Created by Marzia Antonella Scelsi on December 18th, 2018 - Updated March 7th, 2021
With contributions from Dr Andre Altmann
This tutorial will guide you through all the steps required to impute, clean and process your GWAS data set (as described in Scelsi et al., Brain, 2018).
Following the guidelines in this workbook, you will learn how to:
1. prepare your raw genotype files for imputation with the Sanger Imputation Server;
2. perform post-imputation quality controls;
3. determine ancestry and relatedness levels of the samples in your data set.
At the end of this pipeline, you will have all the genetic information and data necessary to run a genome-wide association study (GWAS).

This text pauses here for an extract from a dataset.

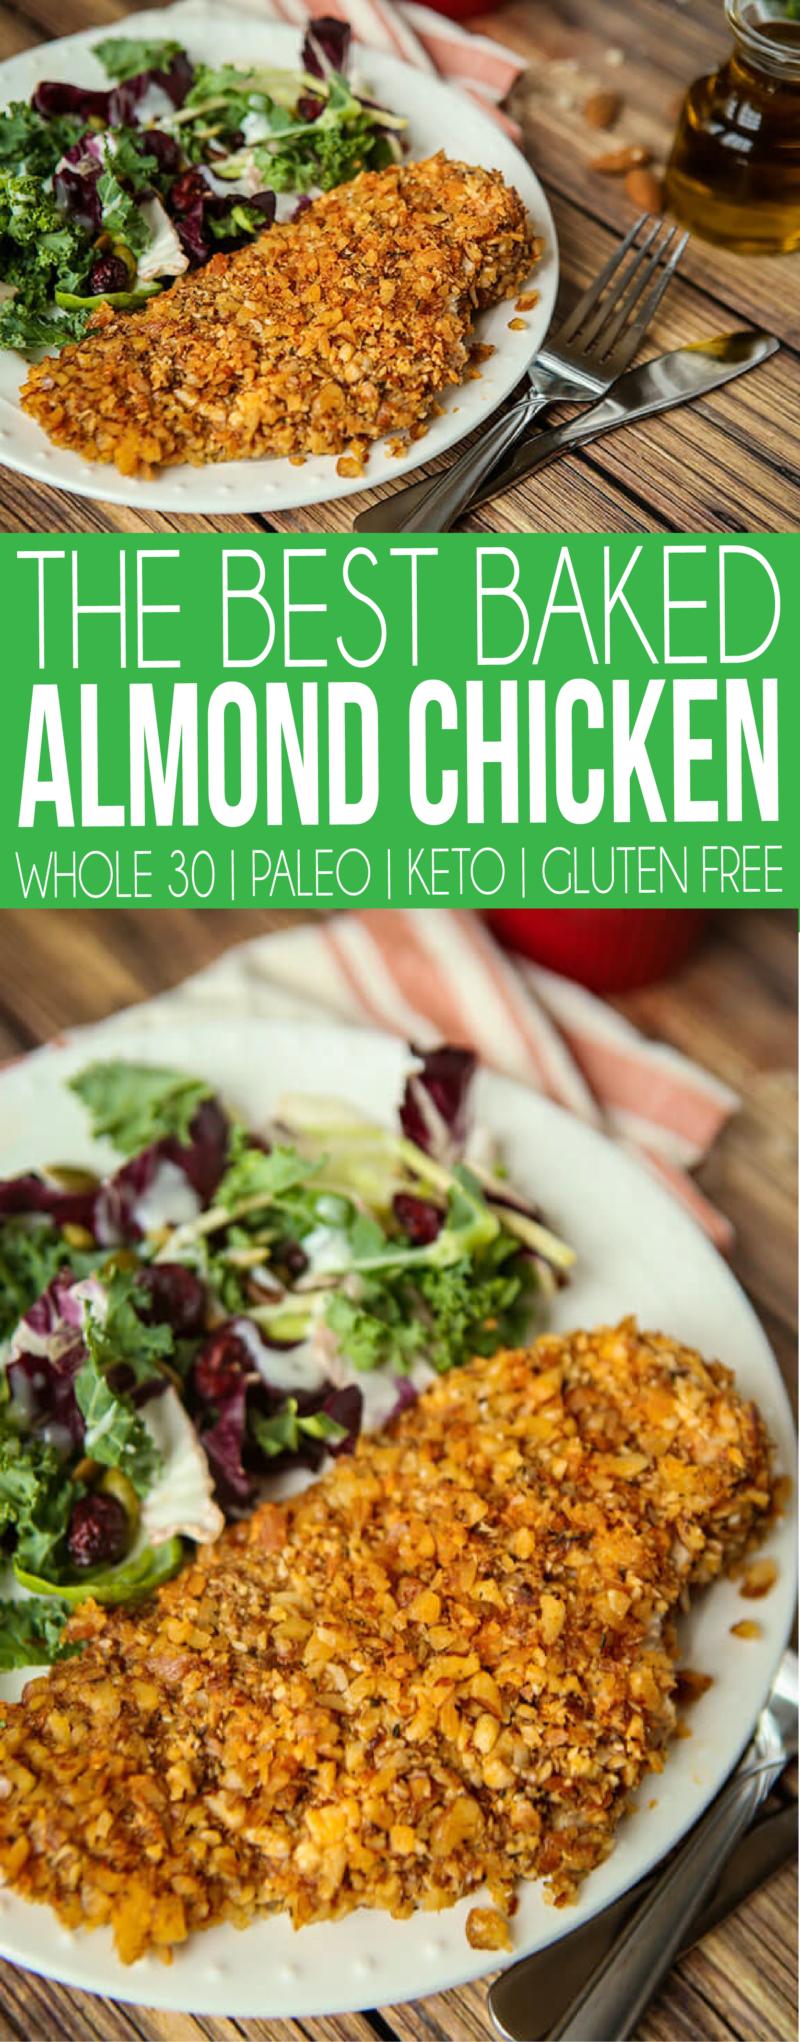 Paleo Garlic Almond Chicken (Whole 30 - Keto - Gluten Free) images

Excited? Let’s get started! :-)
NOTE ON VERSIONS: wherever possible, I will try to indicate what software versions I am referring to, and also update the commands if new versions are released. All PLINK calls refer to PLINK 1.9. If you notice steps that need updating due to release of newer versions, please let me know (my email is at the bottom of the page). Thanks!
In a realistic scenario, your raw genotypes will be distributed among multiple filesets according to the genotyping platform (hereby also referred to as chip), one fileset for each chip. We will assume your genotype files are in the PLINK binary format (.bed, .bim, .fam), and the genomic coordinates all in the same human genome build, that is, hg19. All the steps described in this section need to be performed separately for each genotyping platform.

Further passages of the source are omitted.